3. equipment according to claim 1 and 2, wherein, described signal processing device (110) is configured in the way of based on frequency (112,113) sound signal that transition reduces is processed so that the sound signal that this process reduces to transition introduces the different phase shift with different spectral components.

4. equipment according to claim 1, wherein, described signal intromittent organ (120) is configured to produce the 2nd time portion (809) by copying at least very first time part (804) so that the 2nd time portion (809) at least comprises the copy of the very first time part from the sound signal with transient event.

5. equipment according to claim 1, wherein, described signal intromittent organ (120) is configured to determine the 2nd time portion (809), the sound signal of described 2nd time portion (809) after initial or ending place of the 2nd time portion (809) and process is had to be handed over folded, and described signal intromittent organ (120) the boundary execution that is configured between sound signal after treatment with the 2nd time portion (809) intersects decay (128).

6. equipment according to claim 1, wherein, described signal processing device comprises vocoder, phase place vocoder, SOLA treater or PSOLA treater.

7. equipment according to claim 1, also comprises signal conditioner (130), for by being extracted by the time discrete version by manipulation of audio signal or interpolation regulates described by manipulation of audio signal.

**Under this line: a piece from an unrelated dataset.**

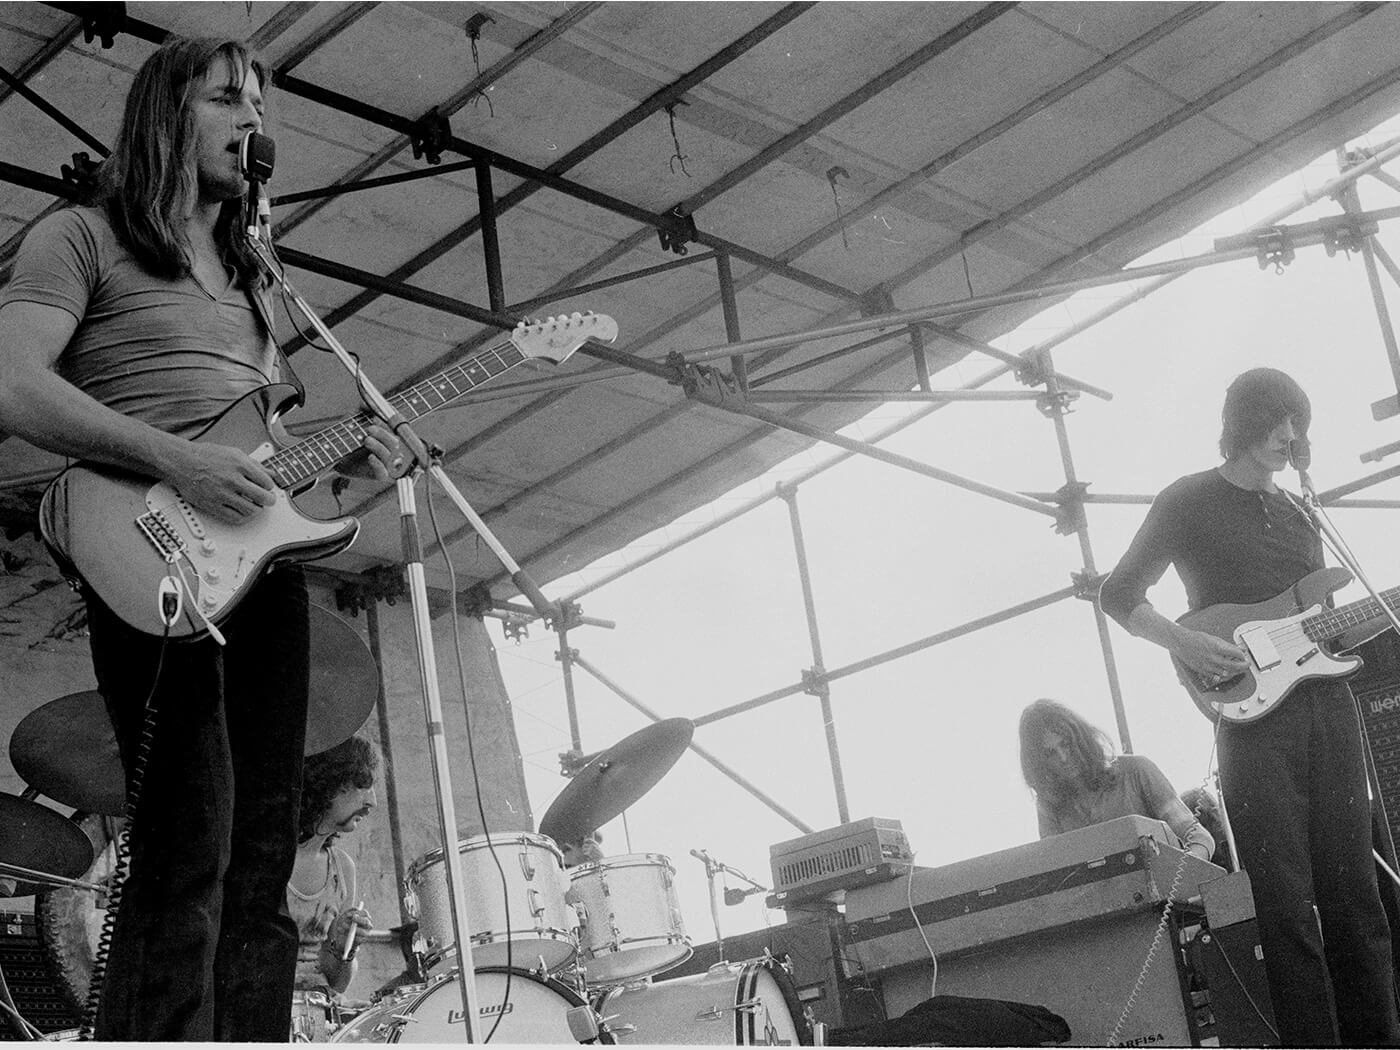 Pink Floyd performing in 1970

8. equipment according to claim 1, wherein, described signal intromittent organ (120) is configured to:

Determine the time span of the 2nd time portion (809) that (122) to be copied from the sound signal with transient event,

By finding maximum cross-correlation calculation to determine the initial moment of (123) the 2nd time portion (809) or the stop timing of the 2nd time portion (809), the border making the 2nd time portion (809) corresponding border to the sound signal after process is mated as much as possible mutually

Wherein, consistent by the time location (803 ') of transient event in manipulation of audio signal and the time location (803) of transient event in sound signal, or with the deviation of the time location (803) of transient event in sound signal be less than psychology acoustics can time difference of Bearing degree, described psychology acoustics can Bearing degree by shelter before transient event or after shelter and determine.

9. equipment according to claim 1, also comprises transient detector (103), for the transient event detected in sound signal, or

Also comprise supplementary extractor (106), for extracting and explain the supplementary being associated with sound signal, the time location (803) of described supplementary instruction transient event, or indicate initial moment or the stop timing of very first time part or the 2nd time portion (809).

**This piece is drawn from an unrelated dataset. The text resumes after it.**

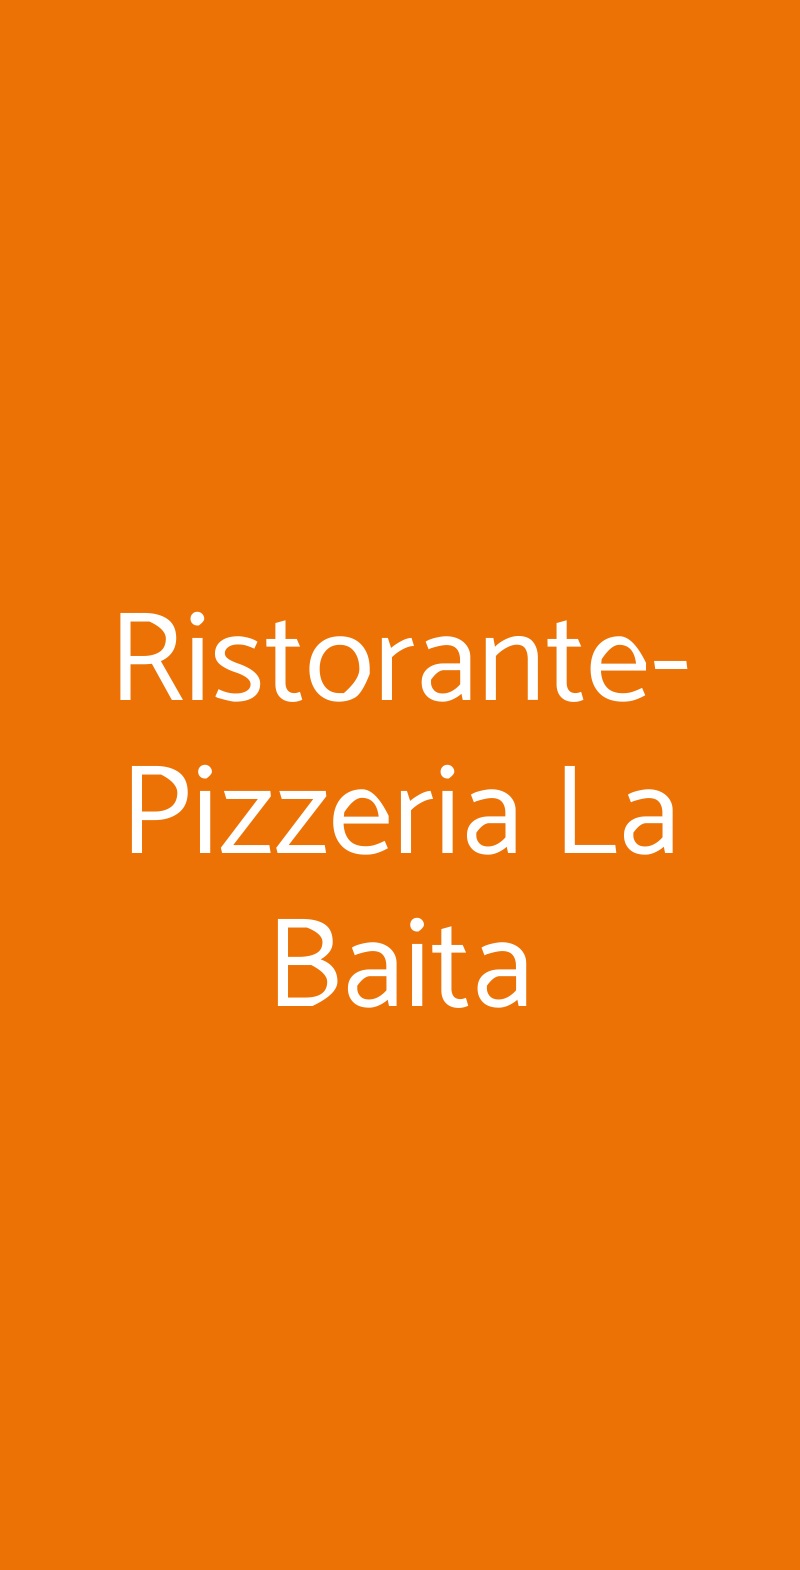 Ristorante-Pizzeria La Baita Genova menù 1 pagina

10. manipulation has a method for the sound signal of transient event (801), comprising:

The sound signal that process (110) transition reduces, or process comprises the sound signal of transient event (803), with the sound signal after being processed, in the sound signal that described transition reduces, very first time part (804) comprising transient event (801) has been removed;

In sound signal after the 2nd time portion (809) insertion (120) is processed by signal location place, described signal location is the removed signal location of very first time part, or residing signal location in transient event sound signal after treatment, wherein the 2nd time portion (809) comprises the transient event (801) not affected by described process, to obtain controlled sound signal

Wherein, signal processing step (110) comprises the stretching to the sound signal that transition reduces, thus very first time part (804) is stretched to the 2nd time portion (809), and the 2nd time portion (809) is longer than very first time part (804) in time; And

Described inserting step (120) copies the signal part before or after the part of sound signal and transient event comprising transient event so that the signal part before or after described transient event and the described very first time partly have altogether the time length of the 2nd time portion (809); And sound signal after treatment inserts unmodified copy, insertion wherein only start-up portion (813) or ending (813b) was modified, the copy of the signal that comprises transition.